In some aspects, the techniques described herein relate to a system including: at least one physical processor; physical memory including computer-executable instructions that, when executed by the physical processor, cause the physical processor to: receive, by an AI agent, a query from a user; process, by the AI agent, the query to derive an intent; build, by the AI agent, an execution plan based on the intent; retrieve, by the AI agent, in accordance with the execution plan, data from one or more data sources; process, by the AI agent, the data via one or more transforms in accordance with the execution plan; and return, by the AI agent, a result based on output produced by the one or more transforms.
In some aspects, the techniques described herein relate to a system, wherein returning the result includes presenting the processed data to the user.
In some aspects, the techniques described herein relate to a system, wherein returning the result includes dynamically building, by the AI agent, a graphical user interface to be displayed to the user.
In some aspects, the techniques described herein relate to a system, wherein returning the result includes dynamically generating, by the AI agent, at least one image to present to the user.
In some aspects, the techniques described herein relate to a system wherein returning the result includes performing a computing action.
In some aspects, the techniques described herein relate to a non-transitory computer-readable medium including one or more computer-readable instructions that, when executed by at least one processor of a computing device, cause the computing device to: receive, by an AI agent, a query from a user; process, by the AI agent, the query to derive an intent; build, by the AI agent, an execution plan based on the intent; retrieve, by the AI agent, in accordance with the execution plan, data from one or more data sources; process, by the AI agent, the data via one or more transforms in accordance with the execution plan; and return, by the AI agent, a result based on output produced by the one or more transforms.

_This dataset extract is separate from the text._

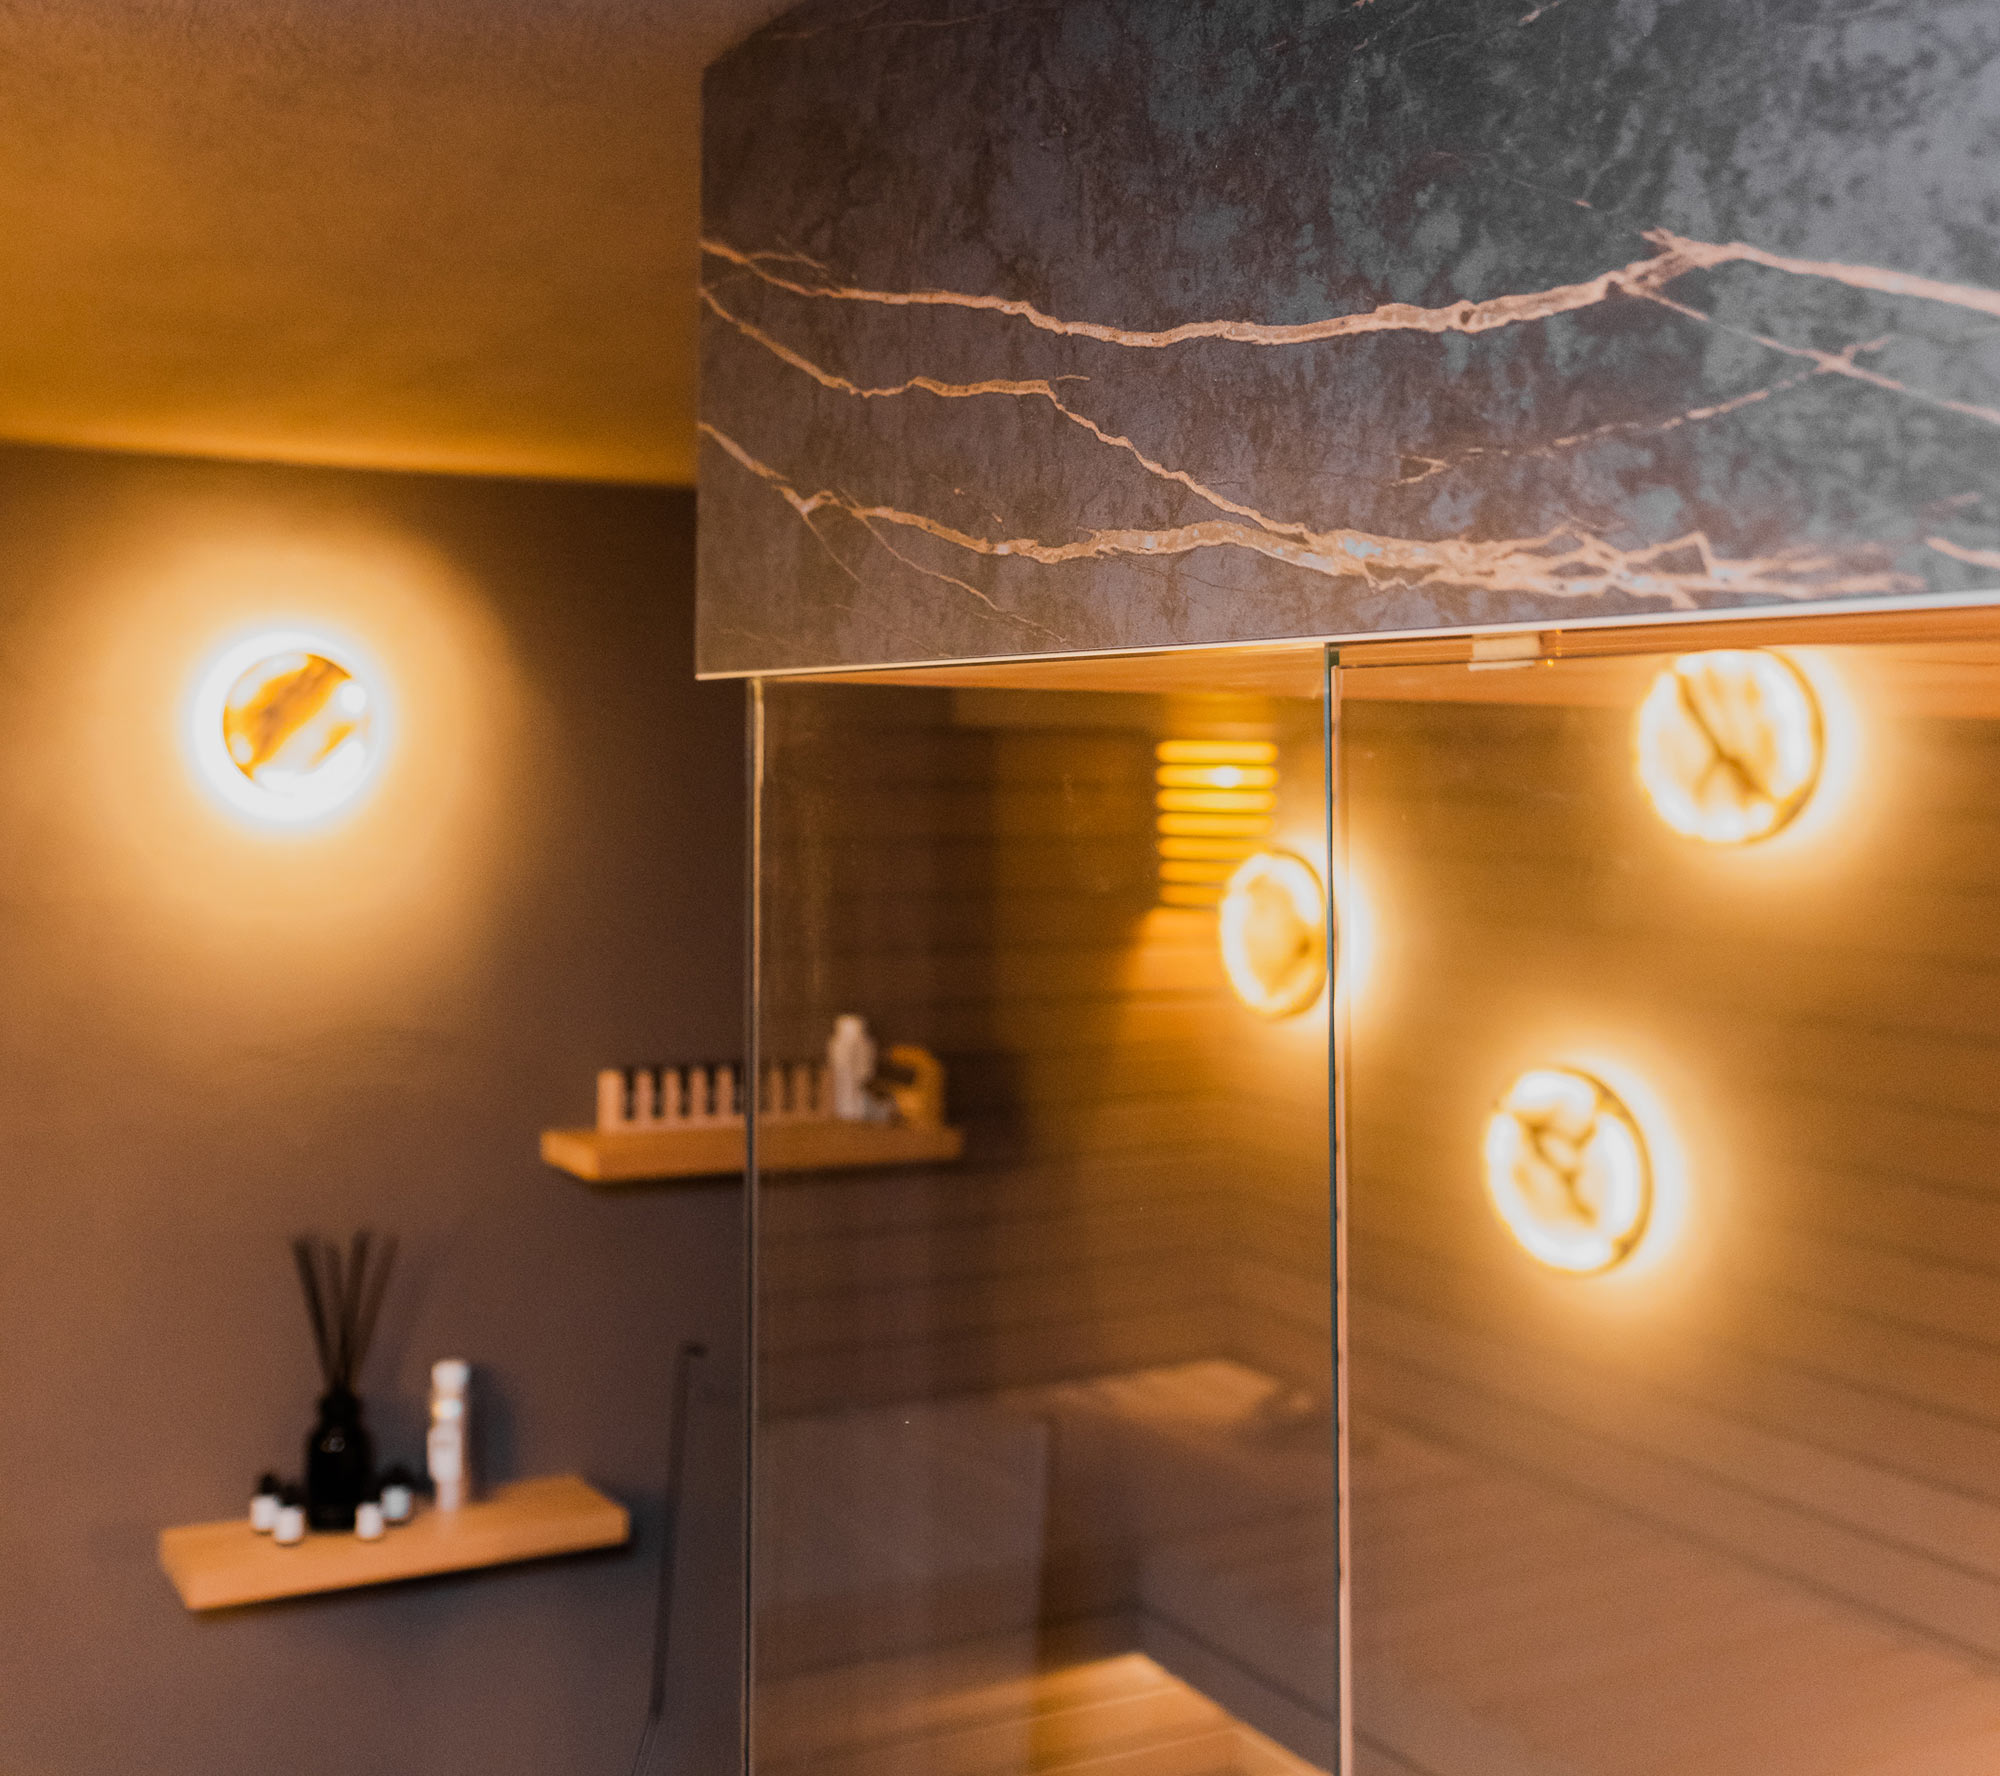 Image of sauna suiza laurent 5 in This sauna reaches its full wellness potential thanks to Dekton - Cosentino
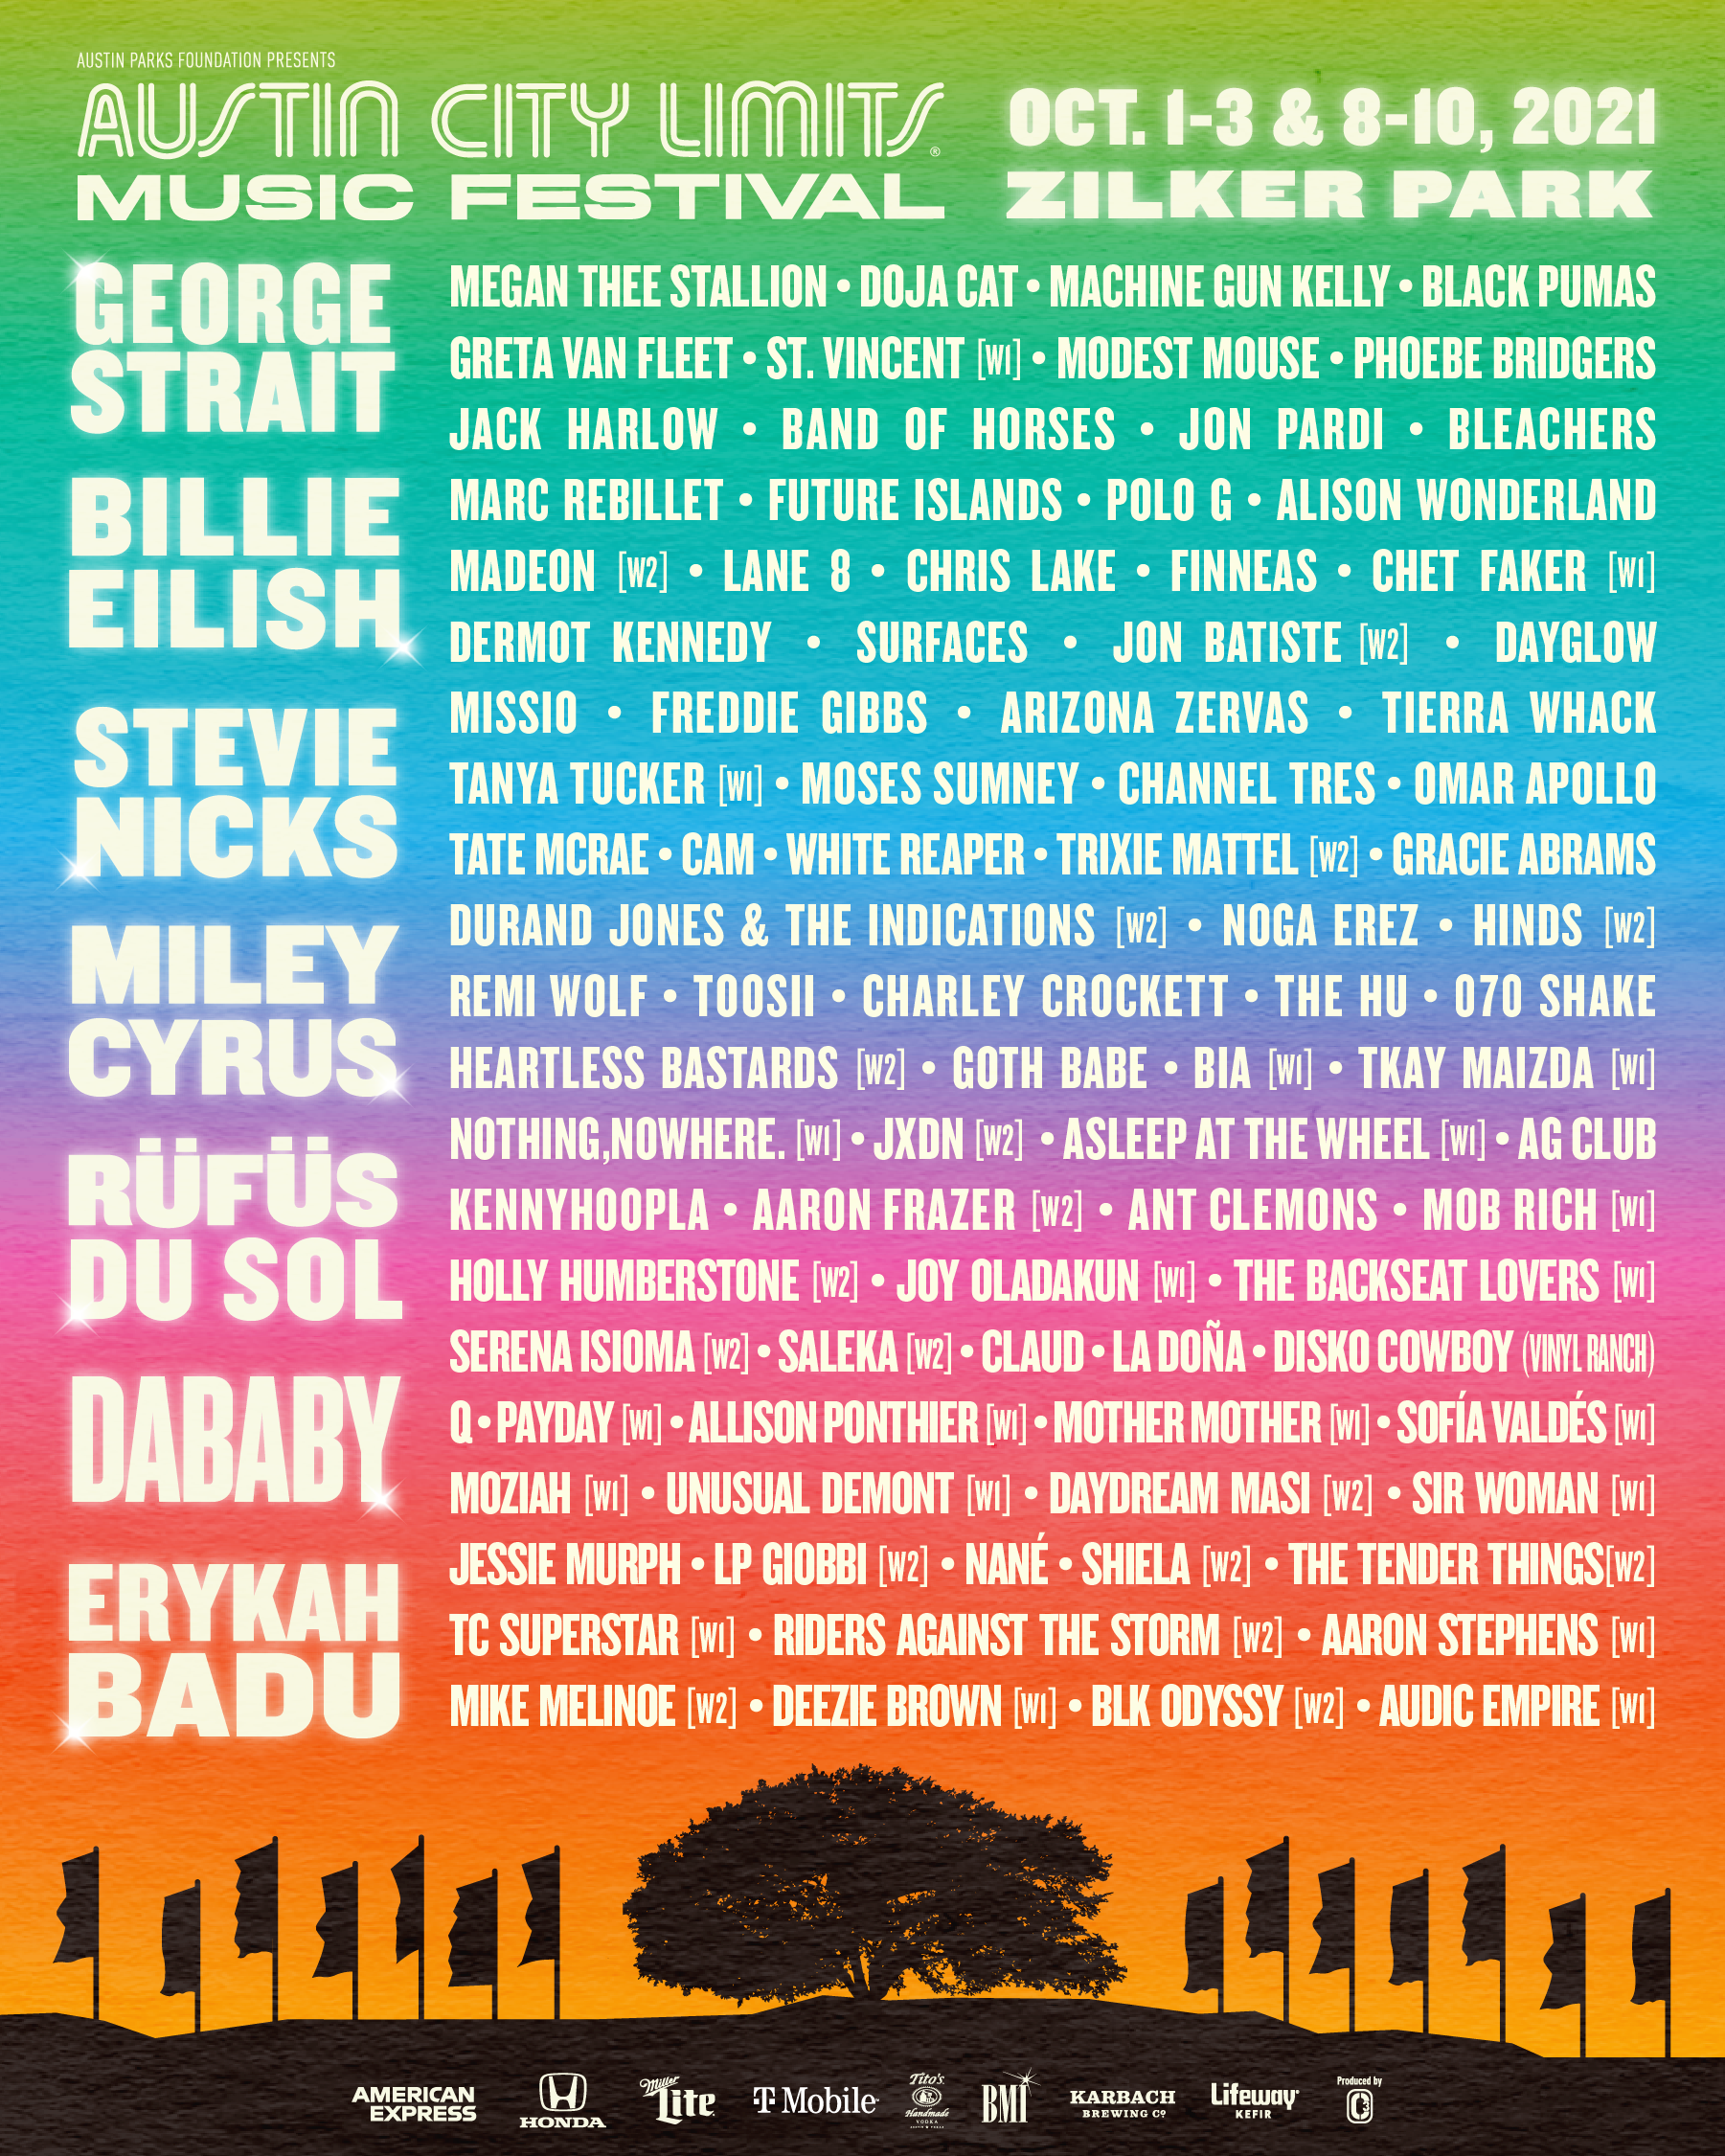 Austin City Limits Music Festival lineup. Image provided.

The preceding description has been provided to enable others skilled in the art to best utilize various aspects of the exemplary embodiments disclosed herein. This exemplary description is not intended to be exhaustive or to be limited to any precise form disclosed. Many modifications and variations are possible without departing from the spirit and scope of the present disclosure. The embodiments disclosed herein should be considered in all respects illustrative and not restrictive. Reference should be made to the appended claims and their equivalents in determining the scope of the present disclosure. Logistics and receiving personnel can later view these logs to verify that the cap lock system is being used correctly.
Unless otherwise noted, the terms “connected to” and “coupled to” (and their derivatives), as used in the specification and claims, are to be construed as permitting both direct and indirect (i.e., via other elements or components) connection. In addition, the terms “a” or “an,” as used in the specification and claims, are to be construed as meaning “at least one of.” Finally, for ease of use, the terms “including” and “having” (and their derivatives), as used in the specification and claims, are interchangeable with and have the same meaning as the word “comprising.”